Input data >>

....................

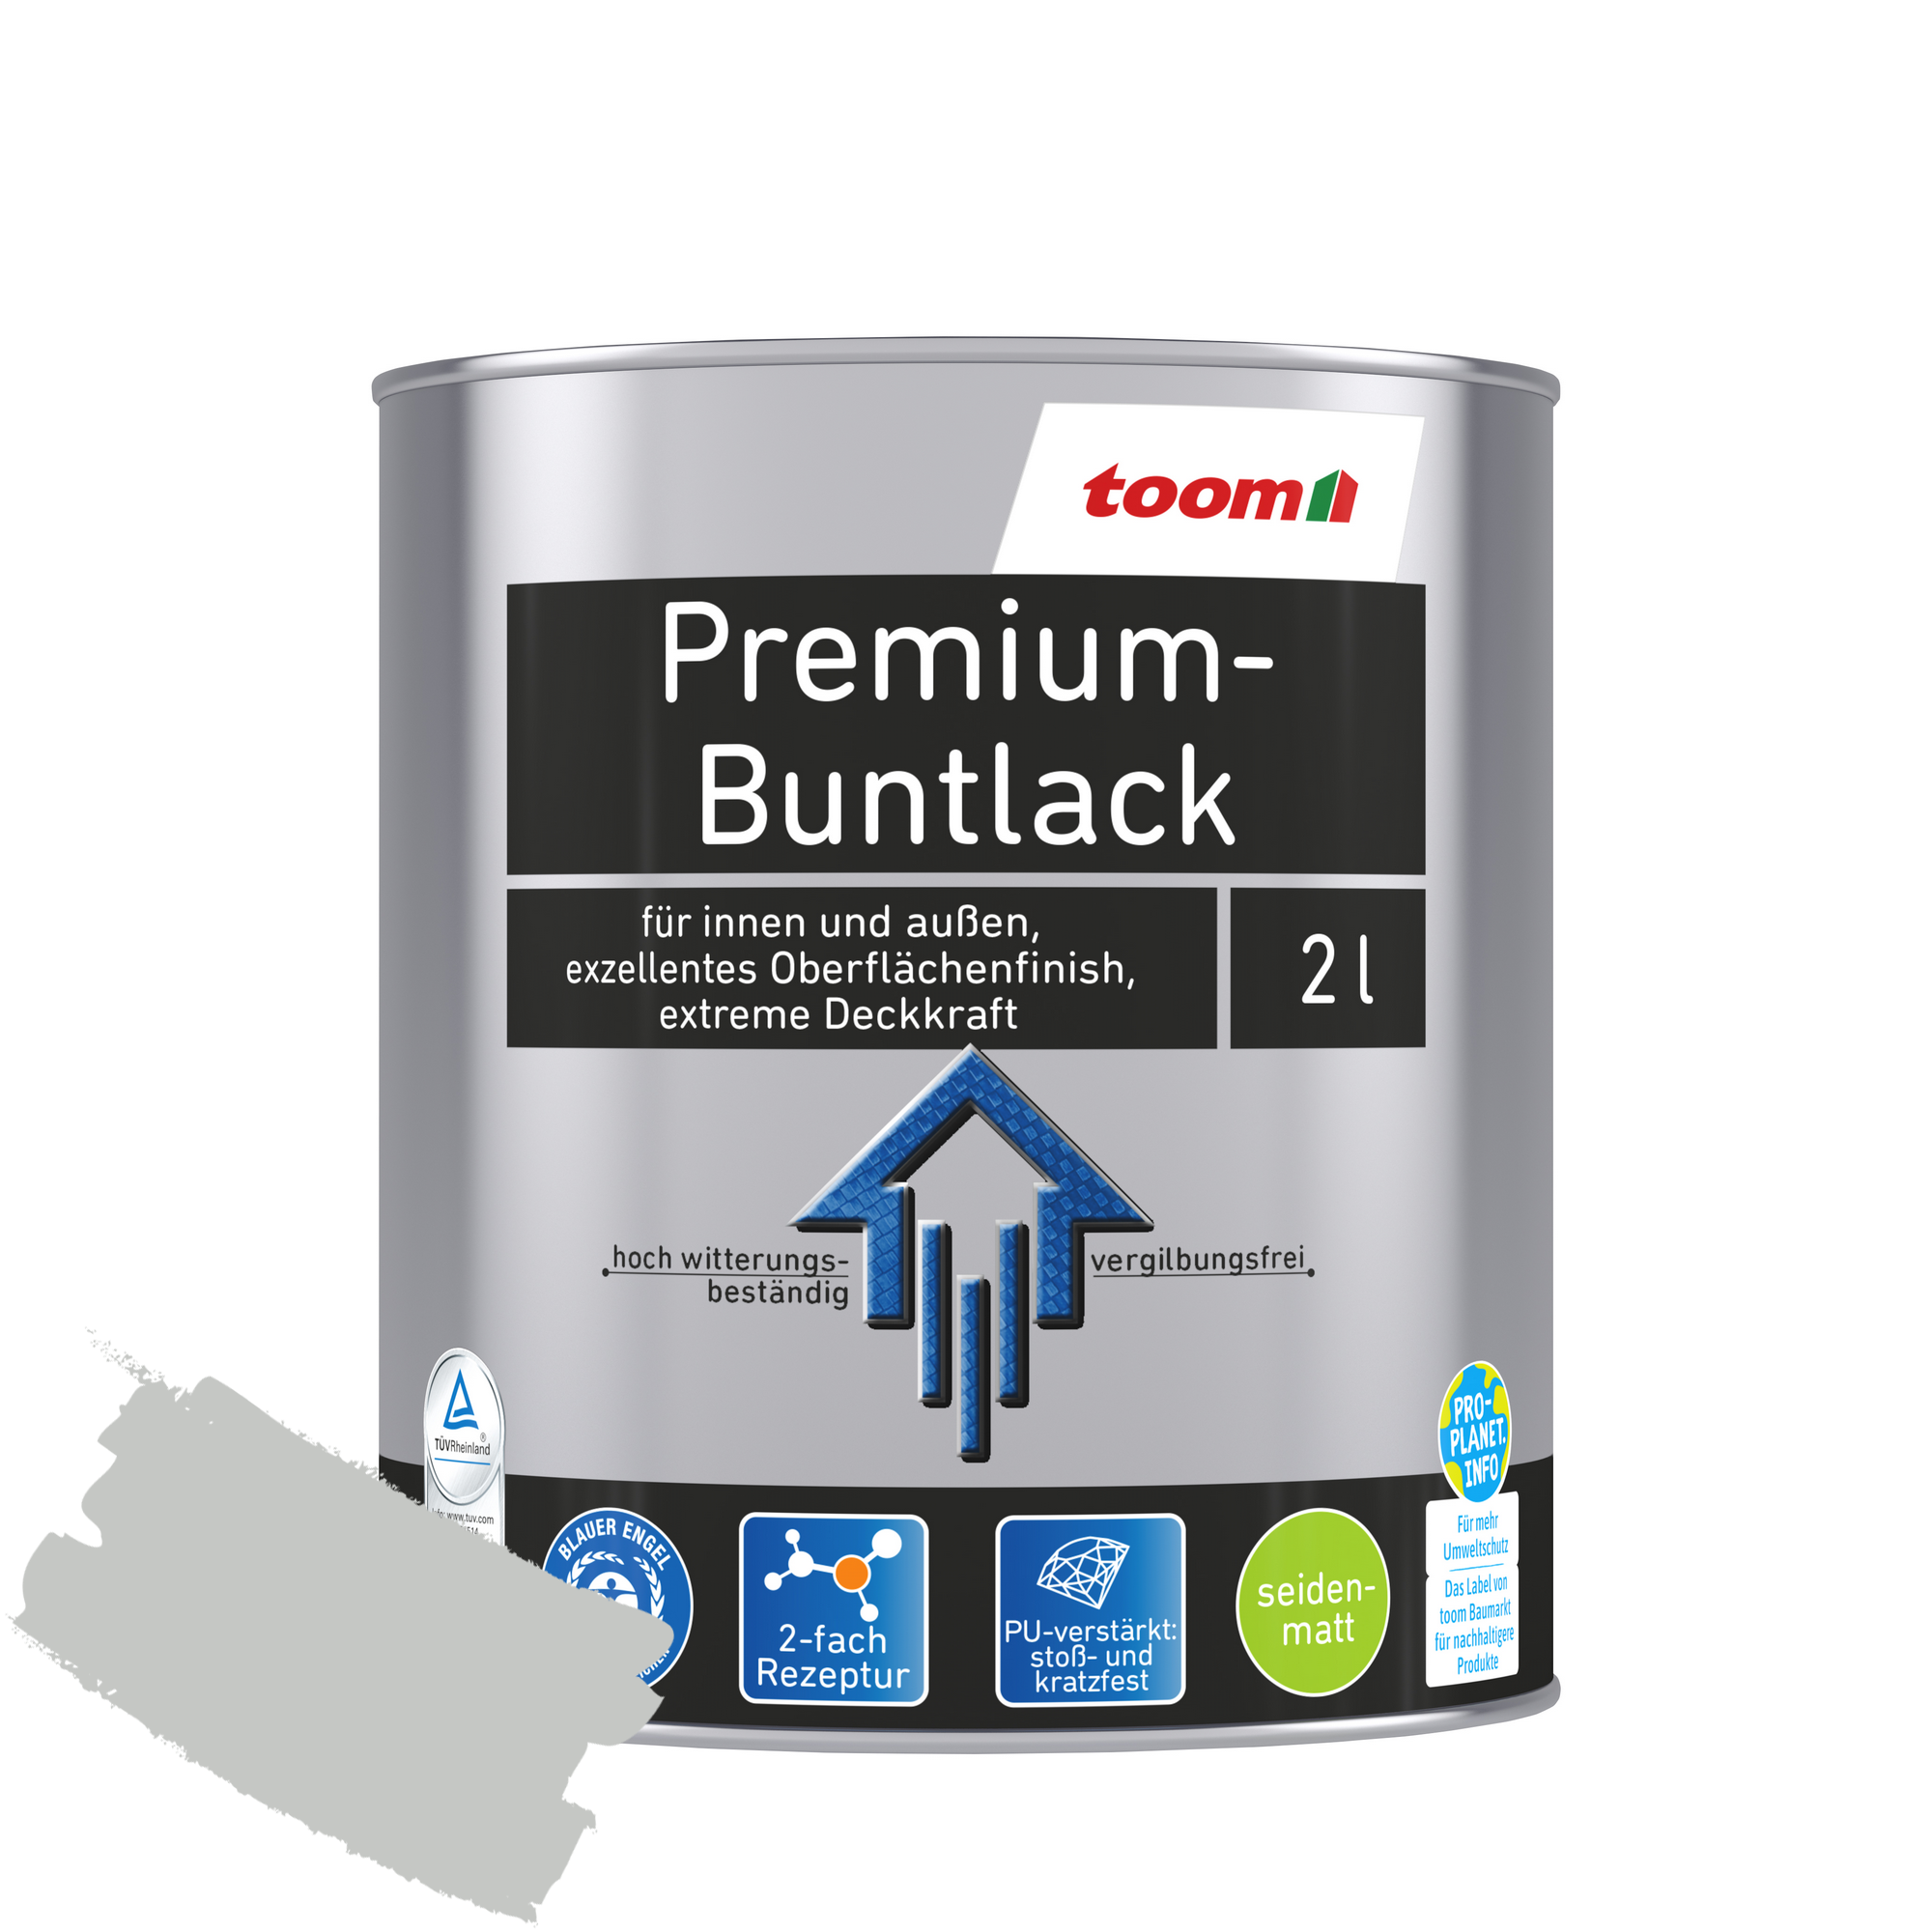 Premium-Buntlack lichtgrau seidenmatt 2 l + product picture
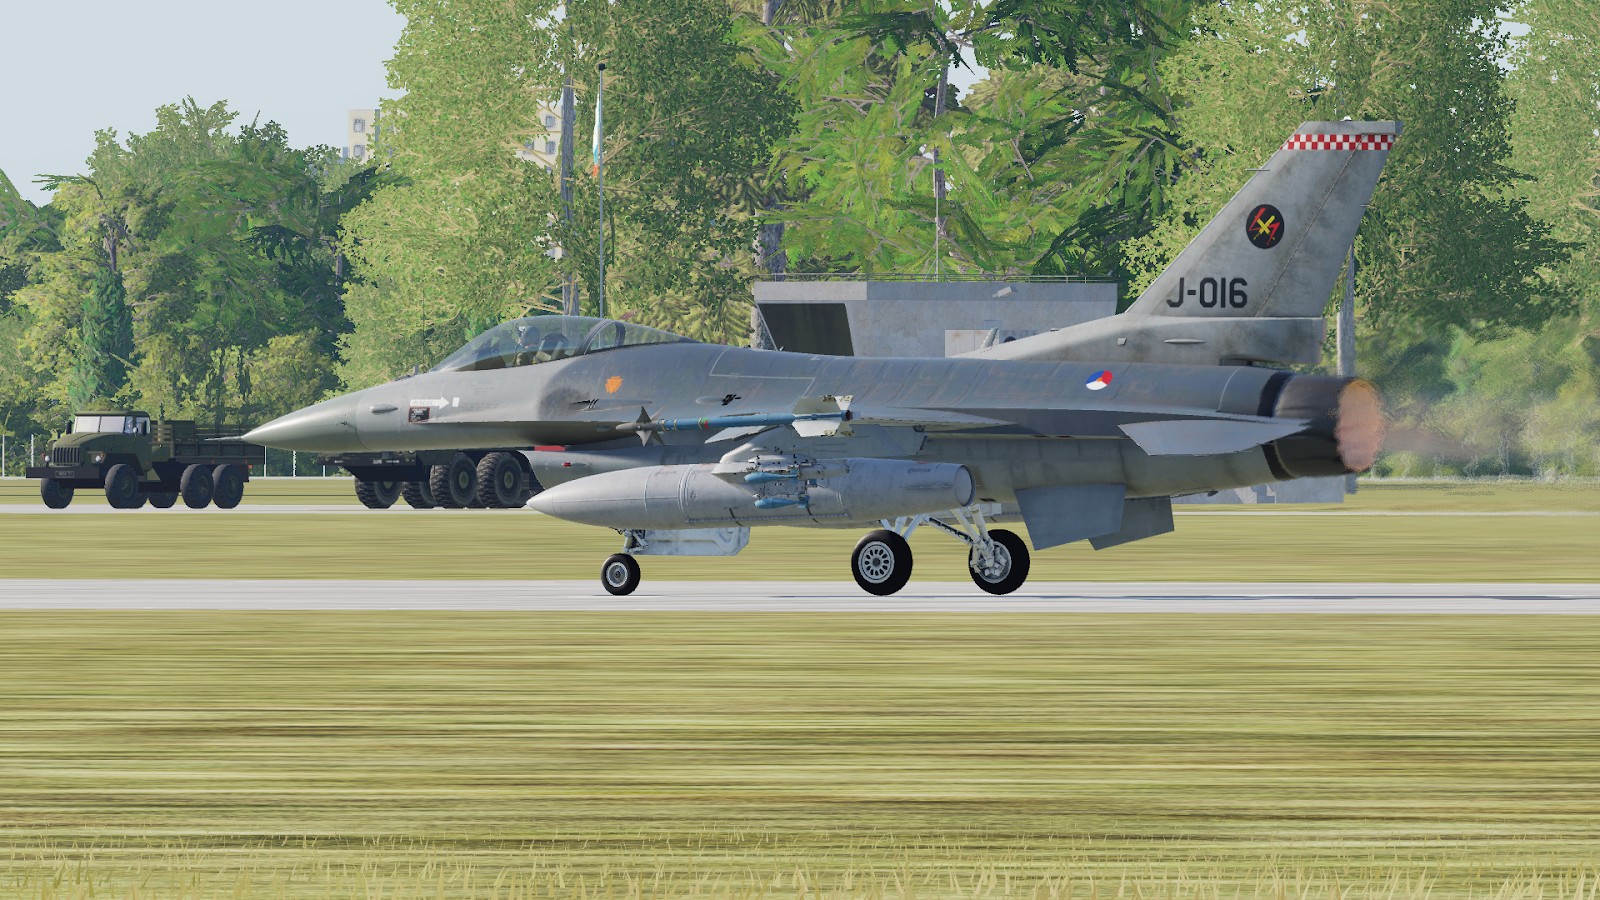 RNLAF F-16 J-016 Skin
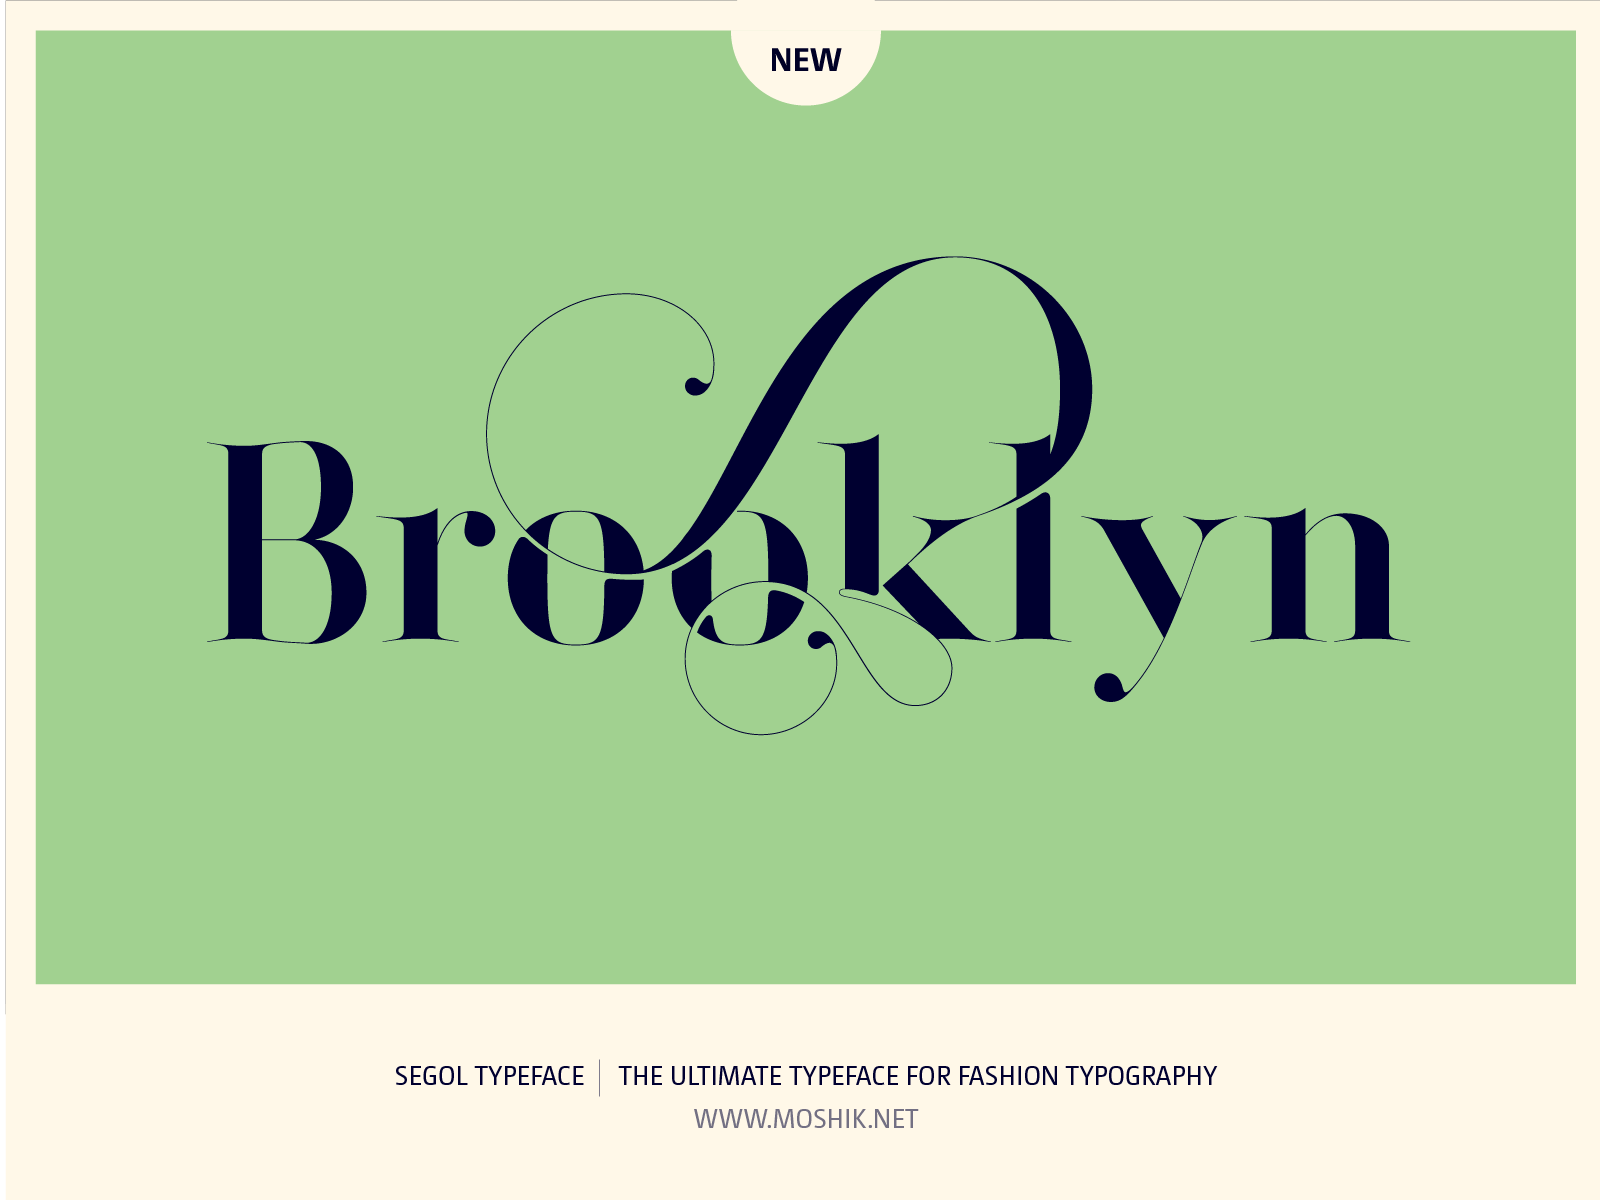 Brooklyn logo, Segol Typeface, fashion fonts, best fonts 2021, best fonts for logos, sexy fonts, sexy logos, Vogue fonts, Moshik Nadav, Fashion magazine fonts, Must have fonts

....................

What you have to do >>
Please repeat the listing precisely, excluding the pictures it contains.

Solution to this task >>
 Premium-Buntlack lichtgrau seidenmatt 2 l + product picture
 RNLAF F-16 J-016 Skin
 Brooklyn logo, Segol Typeface, fashion fonts, best fonts 2021, best fonts for logos, sexy fonts, sexy logos, Vogue fonts, Moshik Nadav, Fashion magazine fonts, Must have fonts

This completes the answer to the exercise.